SR17.  <Compose transformation matrix 3> generates a 3D
homogeneous transformation matrix to perform the specified
transformation.  This transformation performs the following
operations in order, relative to the fixed point: scale, rotate
x, rotate y, rotate z, and shift, and then apply the specified
matrix.

#F 105
#D
#S 4.7.3/79/4
#T P07/1 #C Note that the specified matrix is applied last, not first.

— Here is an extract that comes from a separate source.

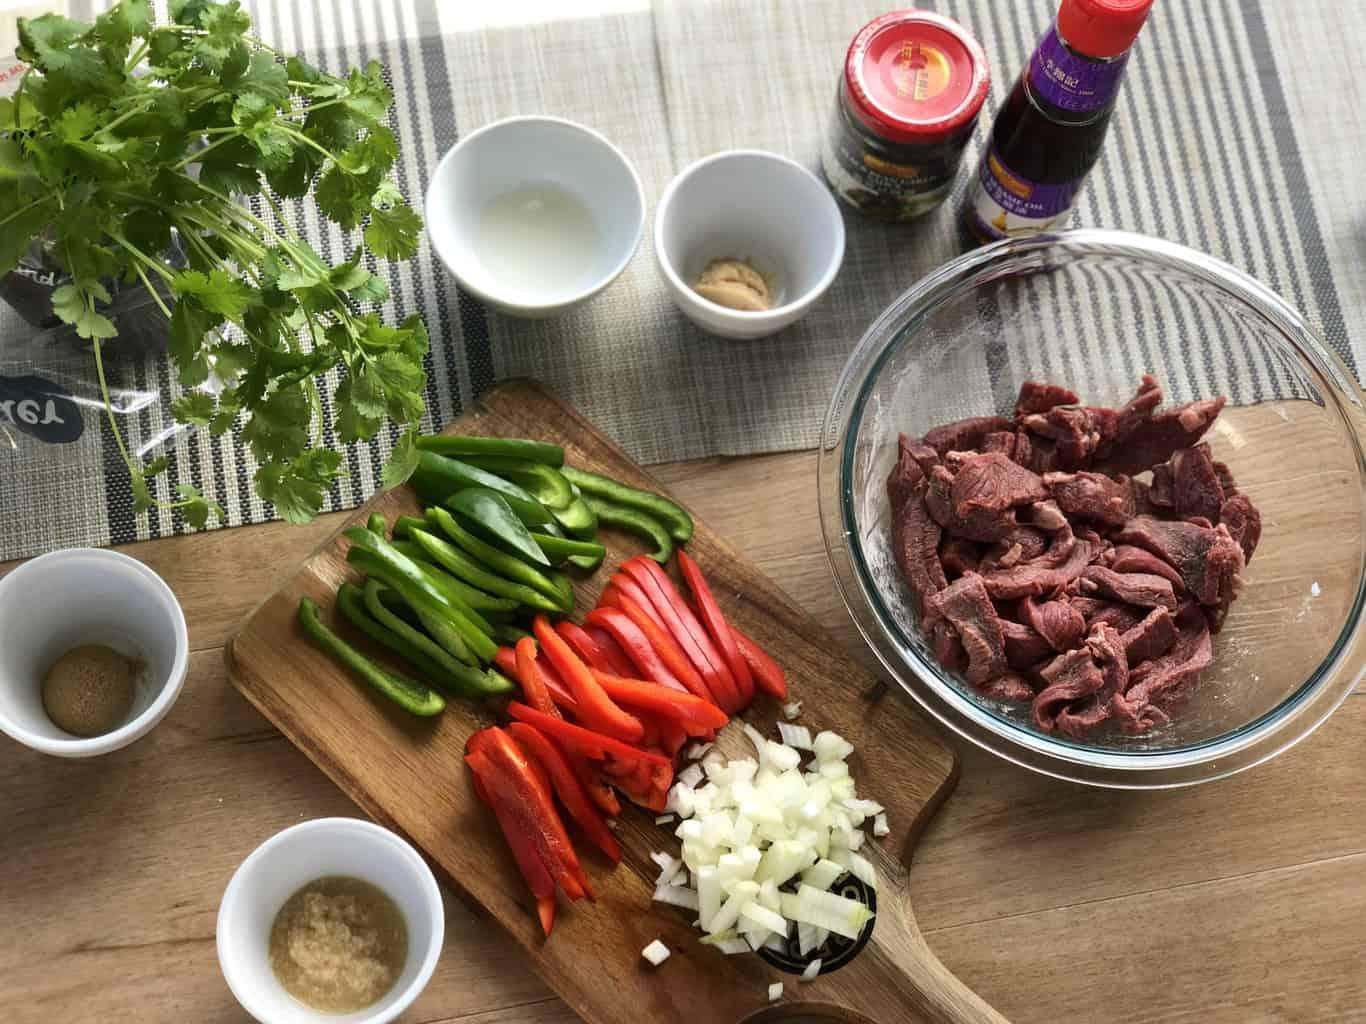 Prep for Stir Fry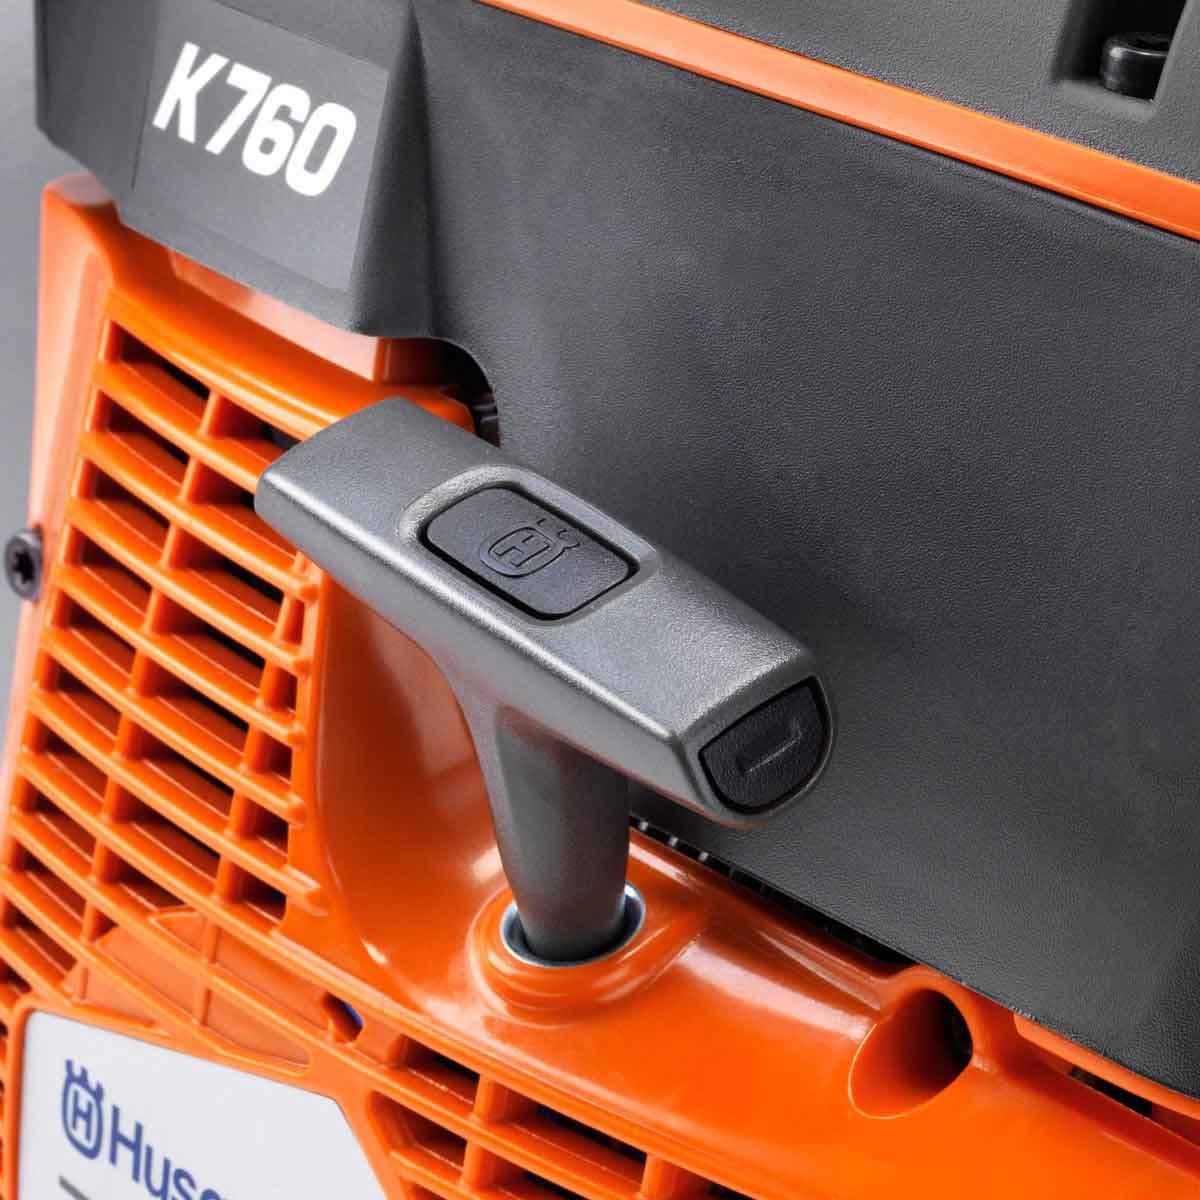 Husqvarna K760 Power cutter pull

SR18.  <Compose transformation matrix> generates a 2D homogeneous
transformation matrix  to perform the specified transformation.
This transformation performs the following operations in order,
relative to the fixed point: scale, rotate, and shift, and then
apply the specified matrix.

#F 106
#D
#S 4.7.3/79/4
#T P07/2 #C Note that the specified matrix is applied last, not first.

LOCAL DICTIONARY:


  Functions ---
  091: ptr3    <translate 3>
  092: ptr     <translate>
  093: psc3    <scale 3>
  094: psc     <scale>
  095: prox    <rotate x>
  096: proy    <rotate y>
  097: proz    <rotate z>
  098: pro     <rotate>
  099: pcom3   <compose matrix 3>
  100: pcom    <compose matrix>
  101: ptp3    <transform point 3>
  102: ptp     <transform point>
  103: pbltm3  <build transformation matrix 3>
  104: pbltm   <build transformation matrix>
  105: pcotm3  <compose transformation matrix 3>
  106: pcotm   <compose transformation matrix>
 
  Data Structures ---
  7  ...  structure_state_list
  7.3  ...  list_of_structure_elements
  7.3.3  ...  modelling_transformation_elements
  7.3.3.1  ...  local_transformation_3
  7.3.3.2  ...  local_transformation
  7.3.3.3  ...  global_transformation_3
  7.3.3.4  ...  global_transformation
 
LOCAL SUBROUTINES: These tests use the transformation subroutine
library.  See that library for documentation of the routines.